Director, Regulatory Compliance / 40 Hrs / Pathology / BWH
Brigham & Women's Hospital(BWH)


Job Info


At the Brigham, we place great value on being a diverse and inclusive community. Brigham Health and the Department of Pathology are dedicated to diversity, equity and inclusion as we aim to reflect the diversity of the patients in our local community. We have a dedicated focus on equity. Thus, we believe in equal access to quality care, employment and advancement opportunities encompassing the full spectrum or human diversity: race, gender, sexual orientation, religion, ethnicity, national origin and all the other forms of human presence and expression that make us better able to provide innovative and cutting-edge healthcare and research.

GENERAL SUMMARY/ OVERVIEW STATEMENT: Summarize the nature and level of work performed.
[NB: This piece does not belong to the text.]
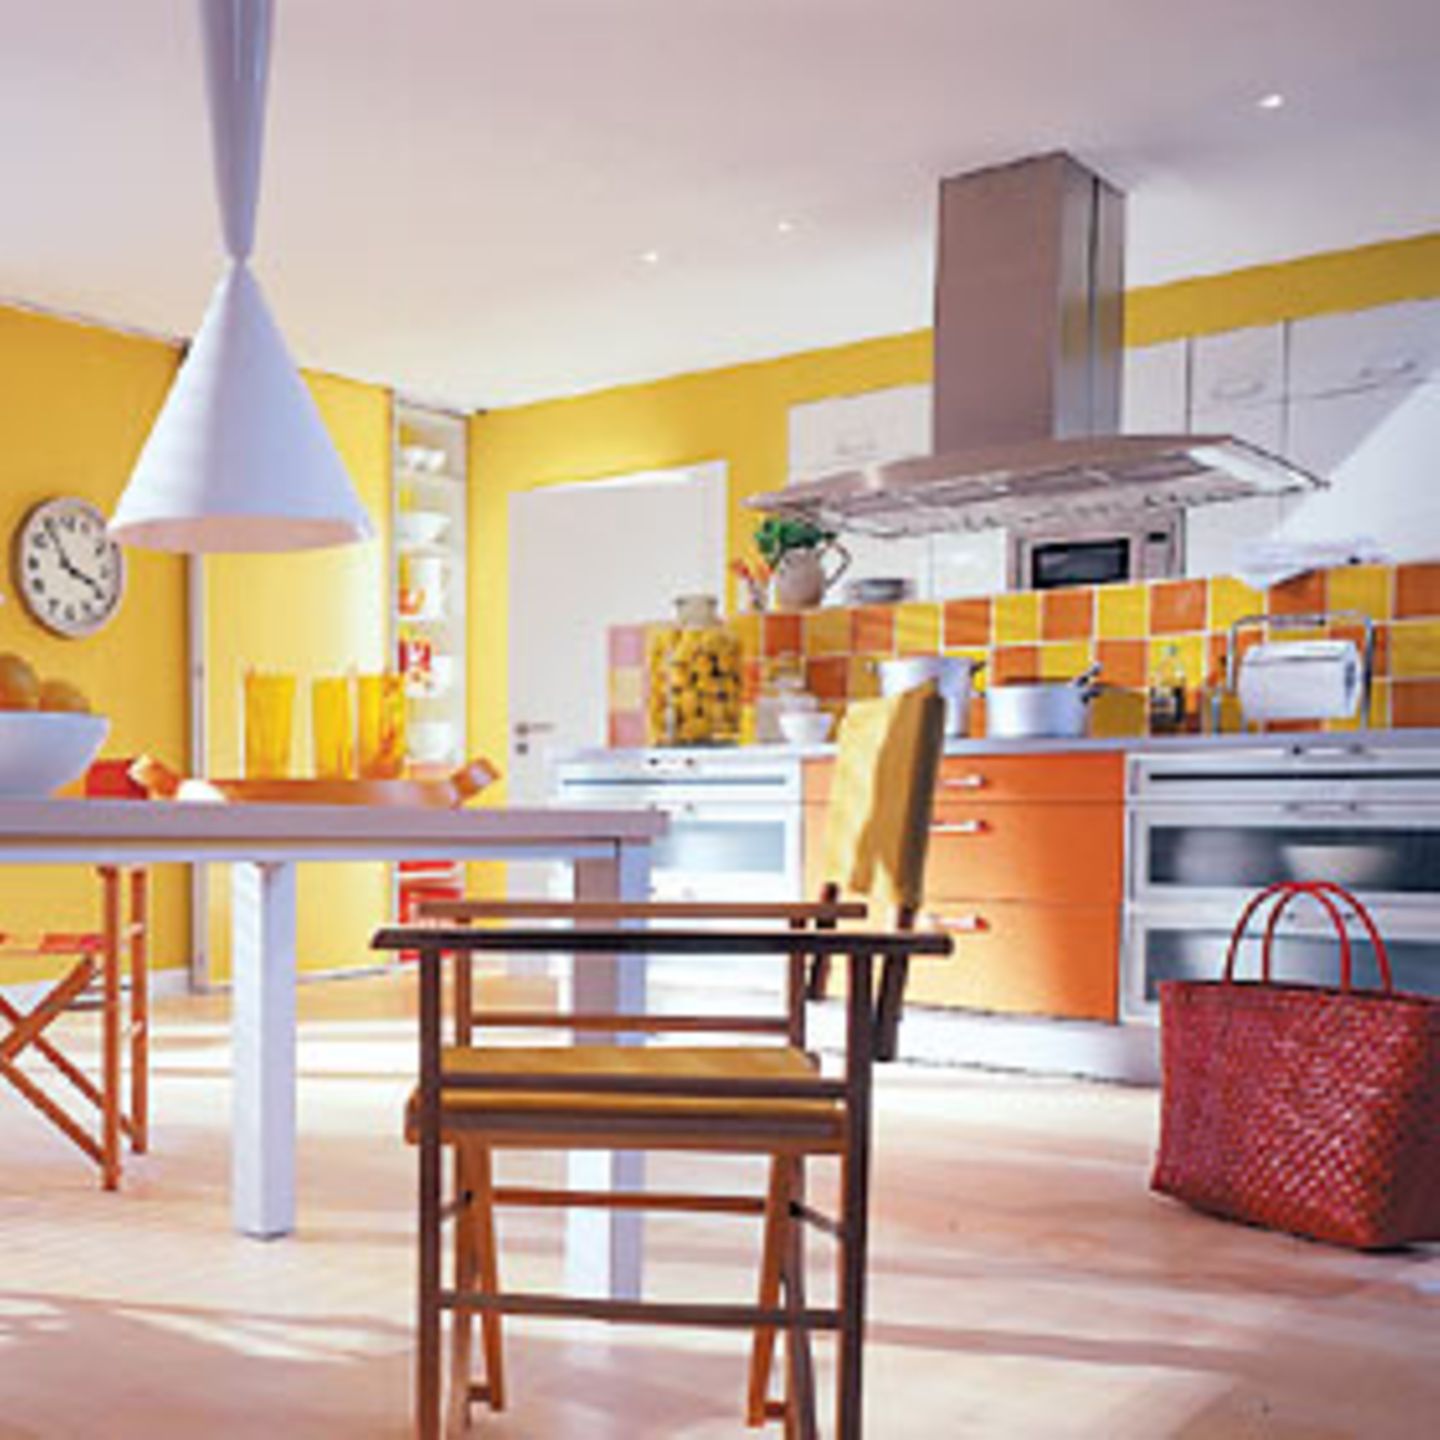 Sonniges Kochen In dieser fröhlichen Küche gelingt jedes Gericht! Leuchtendes Gelb strahlt von den Wänden und wird im Bereich der Küchenzeile mit warmem Orange kombiniert. Verbindendes Element sind die Fliesen: Sie wechseln sich in schöner Regelmäßigkeit ab und greifen sowohl das Gelb als auch das Orange der Küchenmöbel auf. Für Ruhe sorgt viel schlichtes Weiß. Küche: Nolte Windmühlenweg 153 32584 Löhne Fon (05732) 899400 www.nolte-kuechen.de Fliesen: Villeroy & Boch Postfach 1120 66688 Mettlach Fon (06864) 810 www.villeroy-boch.de Hängeleuchten: Flos Via Angelo Faini 2 I-25073 Bovezzo Fon (+39) 03024381 www.flos.com
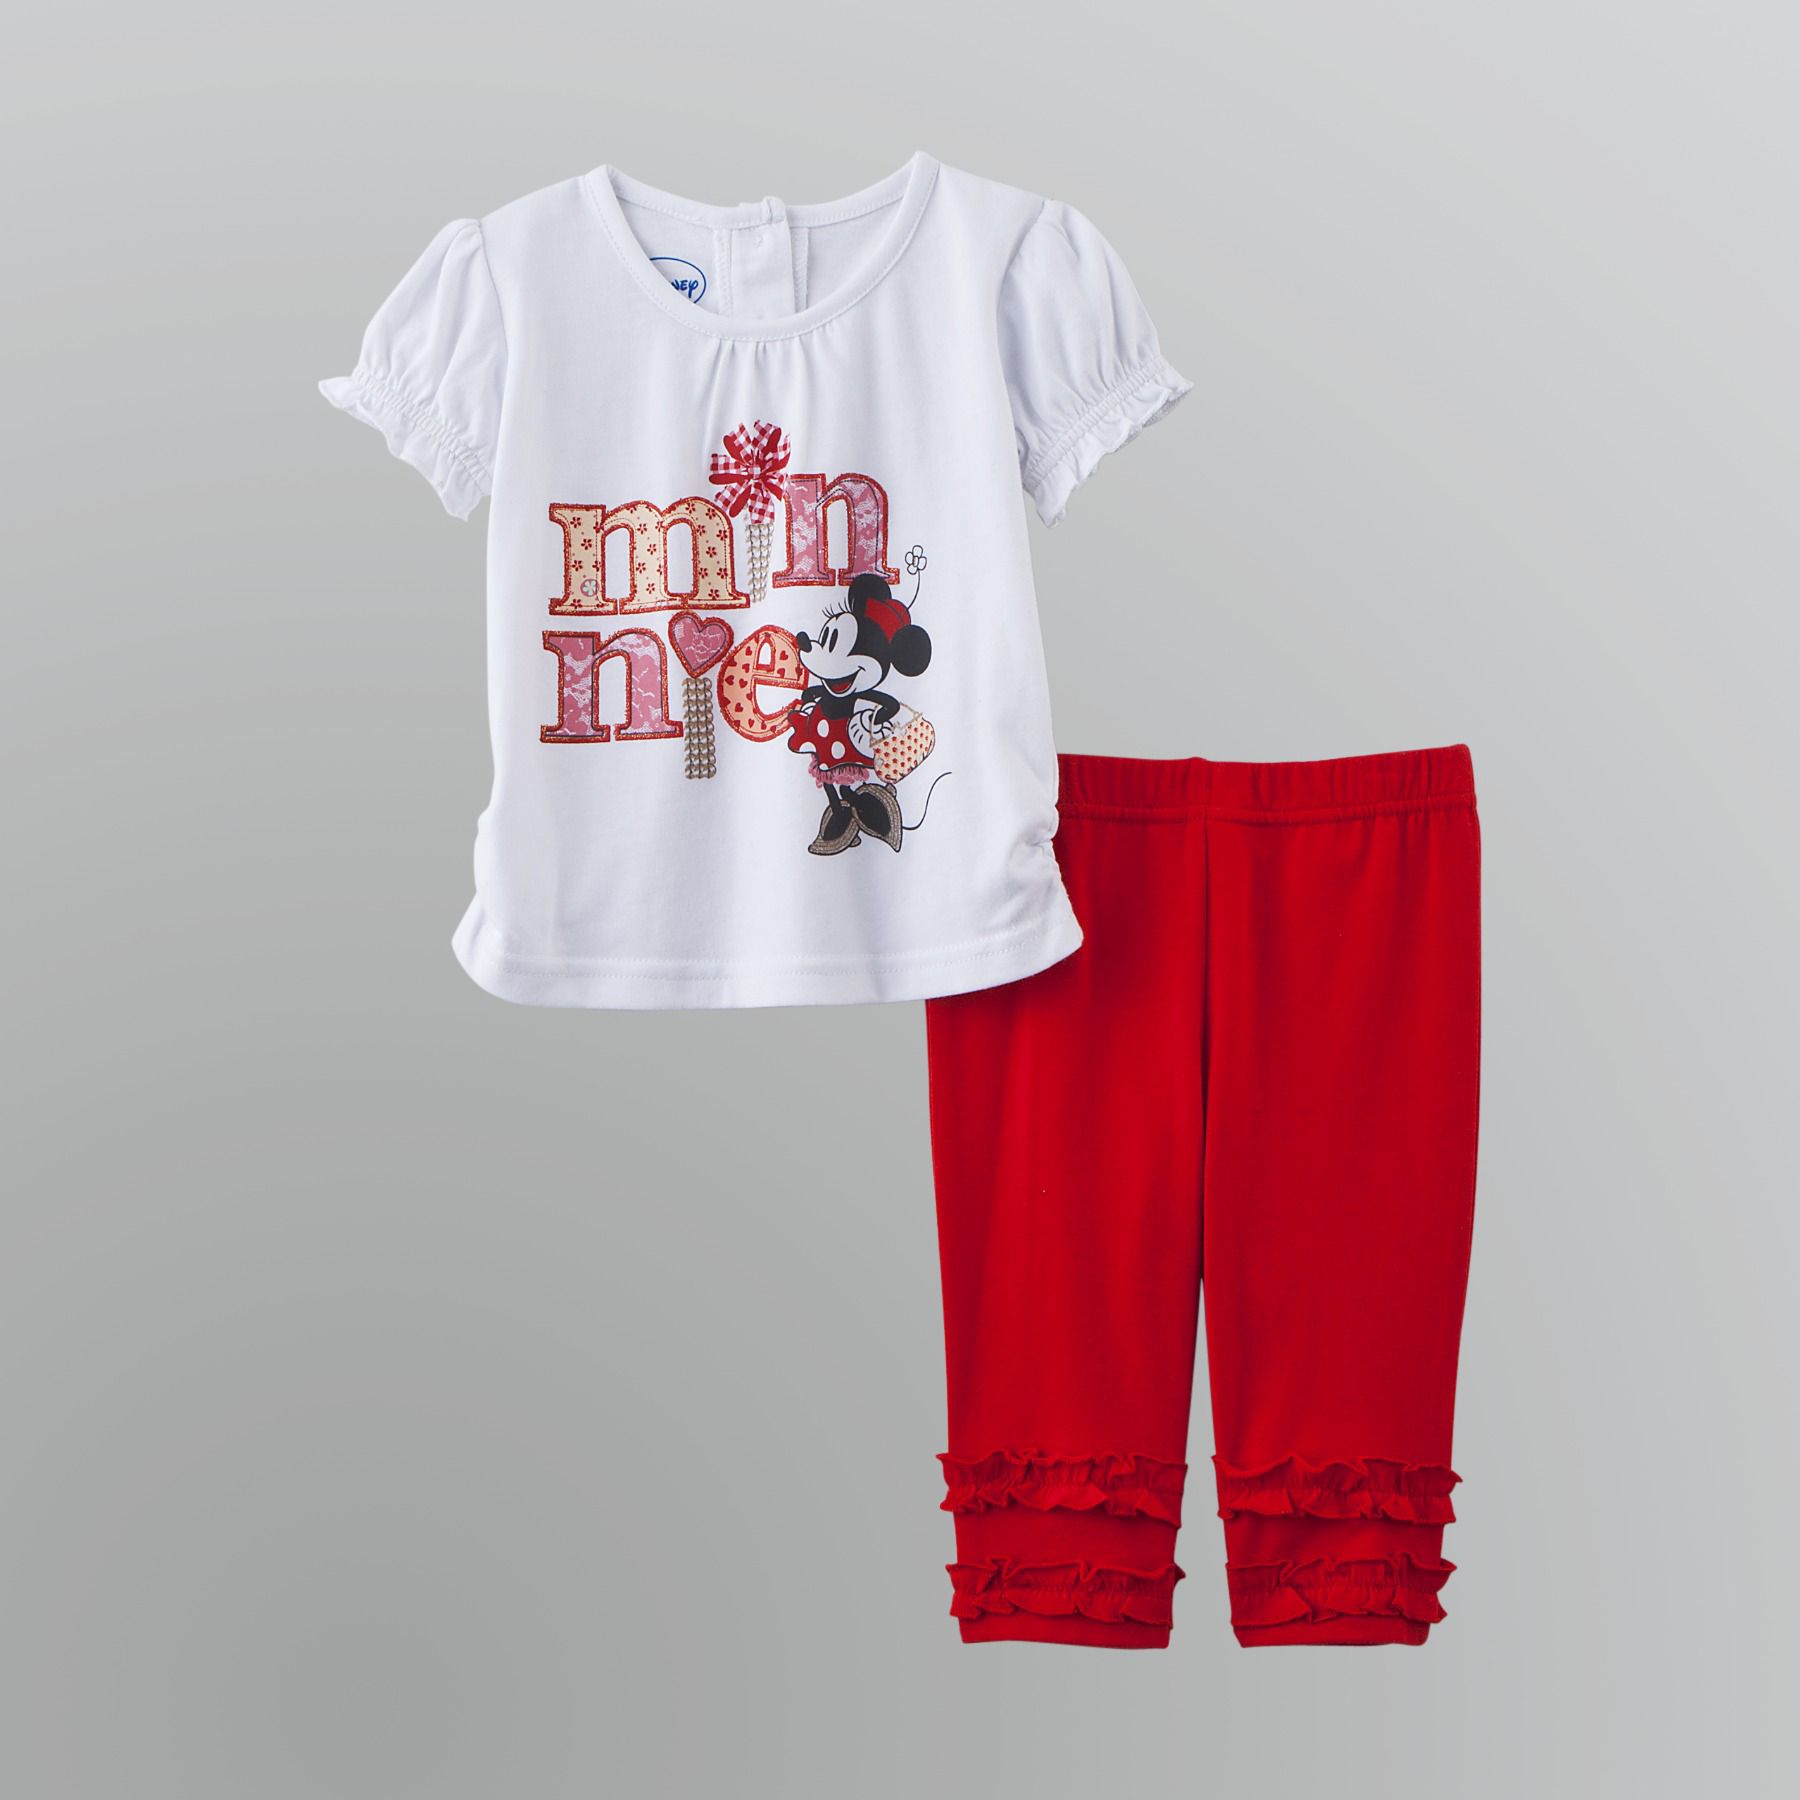 Disney Infant & Toddler Girl's Leggings Set - Minnie

Under the general direction of the Executive Director and Quality Vice Chair of the Department of Pathology, and working closely with individual Laboratory and Program Directors, as well as Hospital Quality and Safety, directs a wide variety of regulatory areas, safety and quality improvement initiatives for the Department with a focus on risk reduction for the patient populations served and in a safety culture environment. This includes regulatory compliance in all the clinical laboratories at BWH (Blood Bank/Transfusion Medicine, Clinical Laboratories and Anatomic Pathology laboratories), Point of Care testing, Provider Performed Microscopy procedures (PPMP) and oversight of regulatory compliance of all non-departmental CLIA-licensed laboratories at BWH, as well as leading and/or coordinating a number of quality improvement initiatives across the Department. There are approximately twenty-six onsite and twenty- five offsite CLIA certificates distributed across the Hospital campus for laboratory services. The Department includes approximately 600 non-physician staff FTE's; approximately 200 faculty, residents, and fellows. The Department annually produces approximately 5 million billed test results in the Clinical Laboratory and 280,000 billed tests/ reports in Anatomic Pathology, issues 45,000 whole blood and platelet products, and manages over 3,300 therapeutic patient treatments.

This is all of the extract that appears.